The man explained to the kennel owner that he wanted the biggest, meanest, most vicious dog in the kennel, and the owner offered to take the man on a tour of the premises.
After they had been walking for a few minutes, they came upon a large dog, snarling loudly, and biting and clawing at the cage.
“He looks like he´d be a pretty good attack dog,” said the buyer.
“Well, he´s not bad,” replied the owner, “but I have a different one in mind for you.”
They continued walking around the premises, and after a while they found an even larger, meaner dog than the first.
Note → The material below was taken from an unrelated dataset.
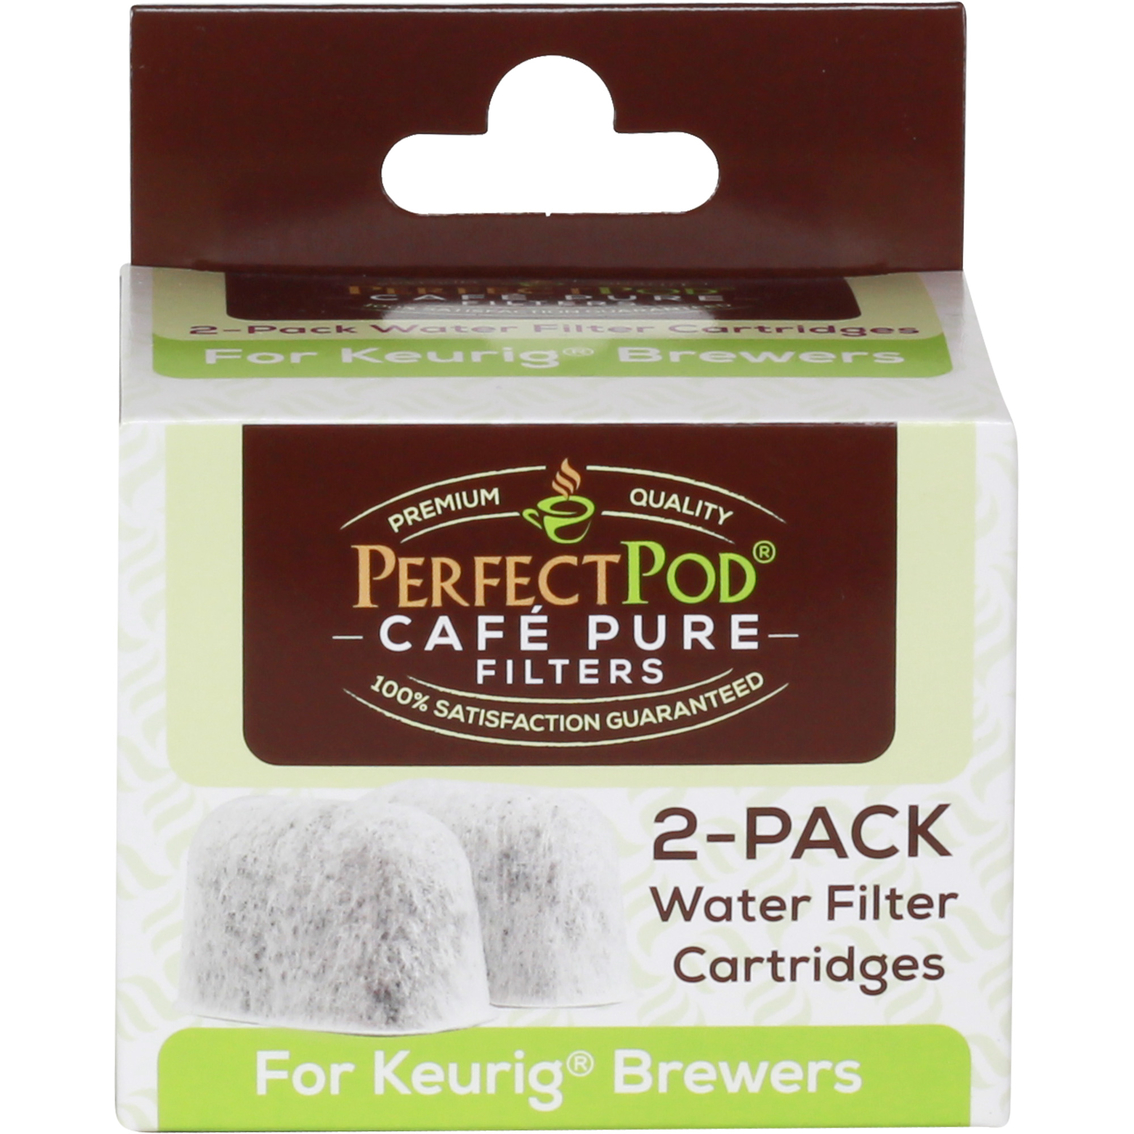 Cafe Pure 2 pk. Charcoal Filters by Perfect Pod - Image 2 of 2

He snarled at the two men and tried to bite them through the wire on his cage.
“Ah,” said the buyer. “This must be the dog you were referring to earlier.”
“Well, no.” said the owner. “I have something better in mind for you.”
The men continued their tour. Eventually, they came upon a large dog, panting heavily and lying quietly on his side, licking his asshole. He seemed unaware of the men´s approach.
“This is the dog I had in mind for you,” said the owner.
The buyer was flabbergasted. “You´re joking!” he exclaimed. “This dog is tame compared to the others; he doesn´t even act like an attack dog.”
“I know he appears tame now,” said the owner. “But you see, he just ate an Politician, and he´s trying to get the taste out of his mouth.”